‘Curious Case of the Dog in the Night-Time’ explores lonely world of autism

Strong teen lead helps play hit the right notes
‘Curious Case of the Dog in the Night-Time’ explores lonely world of autism
Photo by Jonathan J. Miner
Siobahn (Carrie Sweet, in the background) is one of the few characters who can reach Christopher (Payton Cardella, foreground) in Strollers Theatre’s production of “The Curious Case of the Dog in the Night-Time.”

Author Mark Haddon made the teenage hero in his hugely popular novel “The Curious Case of the Dog in the Night-Time” a wannabe astronaut.
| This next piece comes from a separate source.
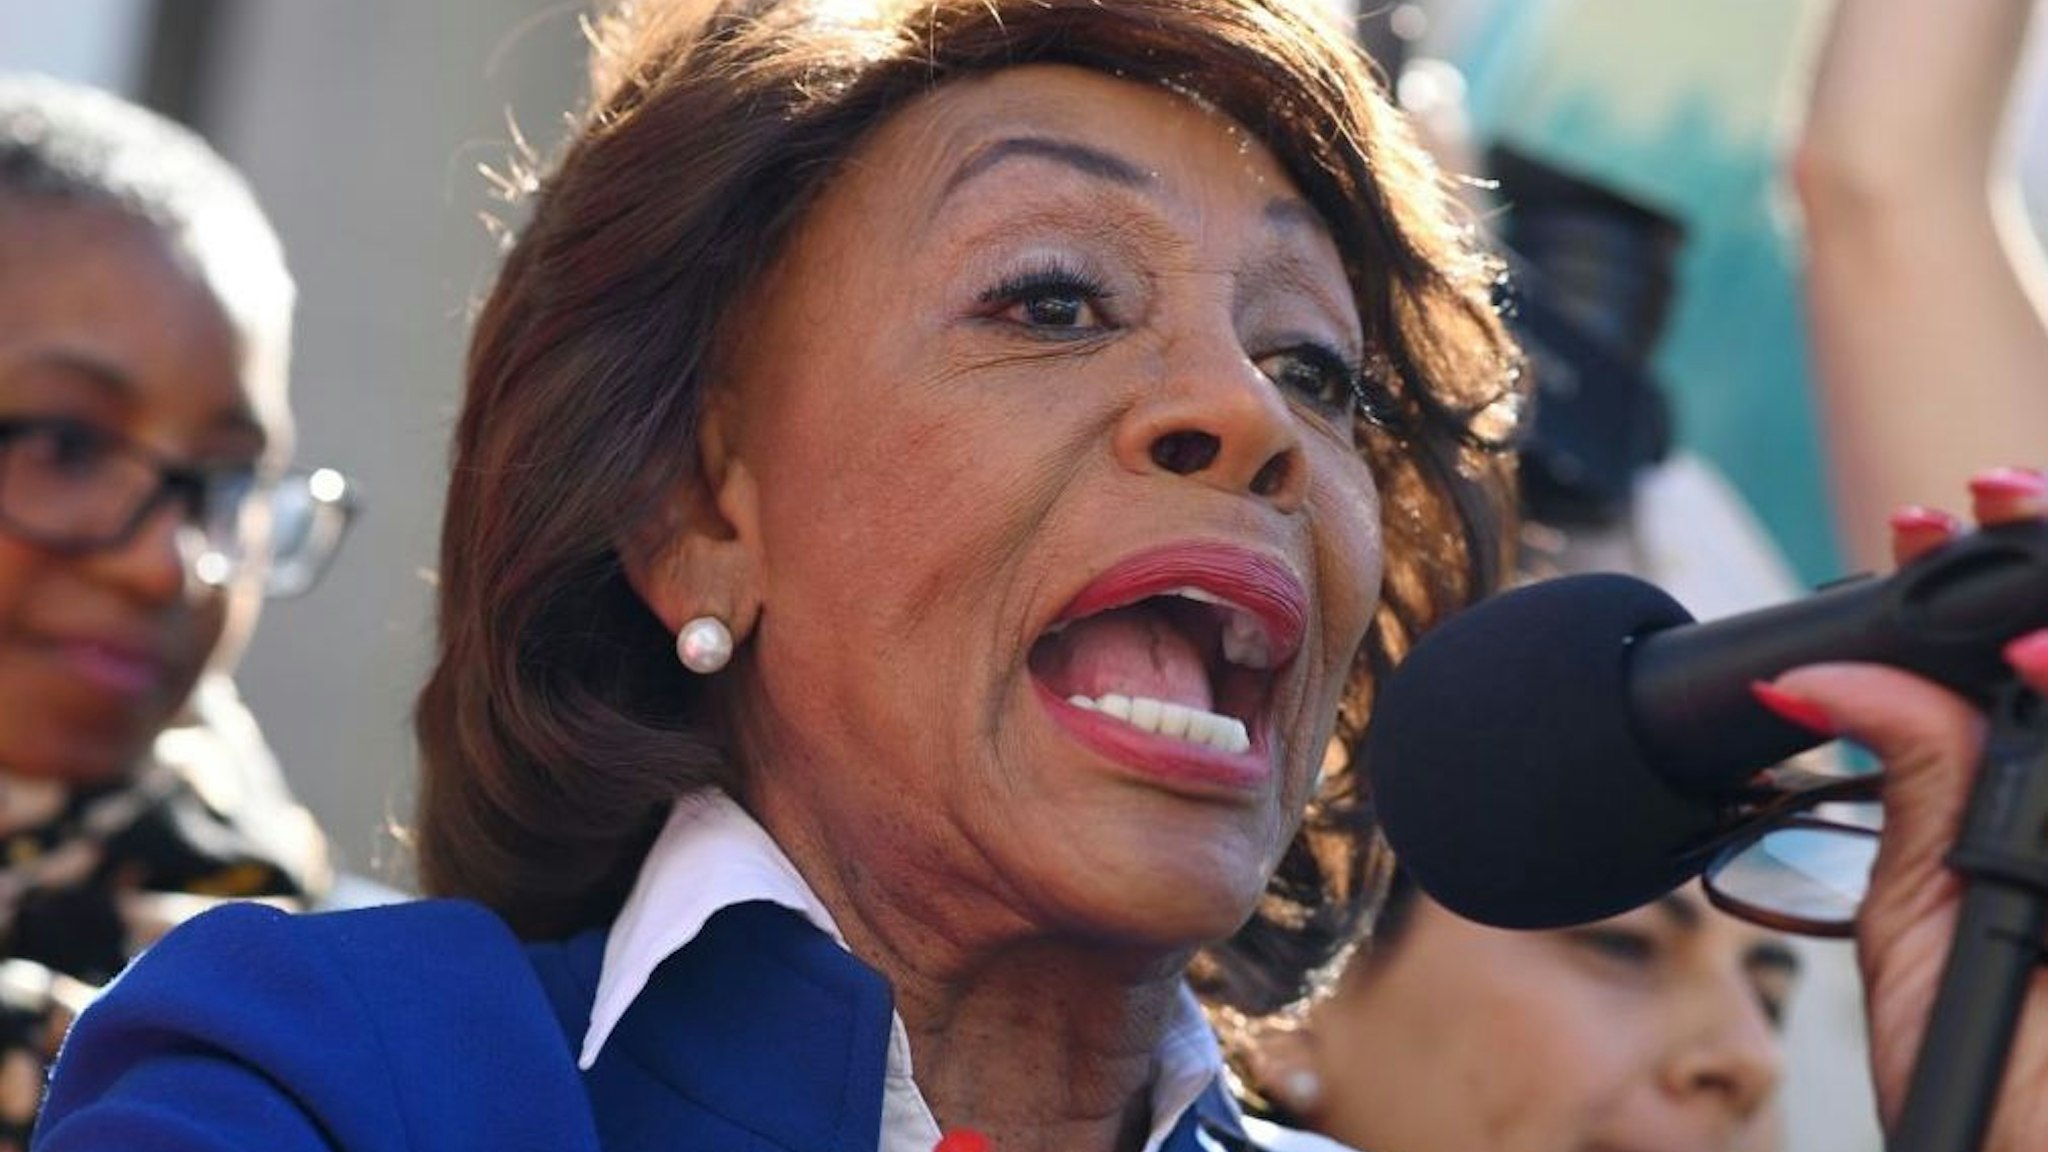 U.S. Rep. Maxine Waters (D-Calif.) speaks at a protest against U.S. President Donald Trump's National Emergency declaration, February 18, 2019, outside City Hall in Los Angeles, California.

In many ways, that teenager, Christopher Boone, lived on his own planet every single day, struggling through impassable stretches of space to connect with his fellow human beings.

It’s hard enough that Christopher is a teenager. He’s also a teenager camped somewhere on the autism spectrum. His self assessment of “behavioral difficulties” glosses over the difficult truth: He recoils from nearly all human touch and drops screaming to the ground whenever any situation becomes even remotely overwhelming. He’s brilliant and thoughtful — the kid can ace math tests well above his grade level — but he’s also incapable of puzzling out facial expression and nonverbal social cues. And as the play begins, he’s standing over the corpse of a dog who’s been murdered with a pitchfork.

Nineteen-year-old newcomer Payton Cardella fronts Strollers Theatre’s current production of Simon Stephens’ stage adaptation of “Curious” (playing through May 25 at the Bartell Theatre) and he proves to be an excellent choice. Cardella has Asperger’s Syndrome, and while it’s clear he’s not just playing himself here — as director Kathleen Tissot has astutely noted, one case of autism is not at all like another — it’s equally clear the perspective he brings contributes to a convincing performance. Between the ways he scrupulously avoids eye contact when he speaks to others to the way he launches into meaningful monologues about math and metaphors, he sparks an easy fascination in the audience.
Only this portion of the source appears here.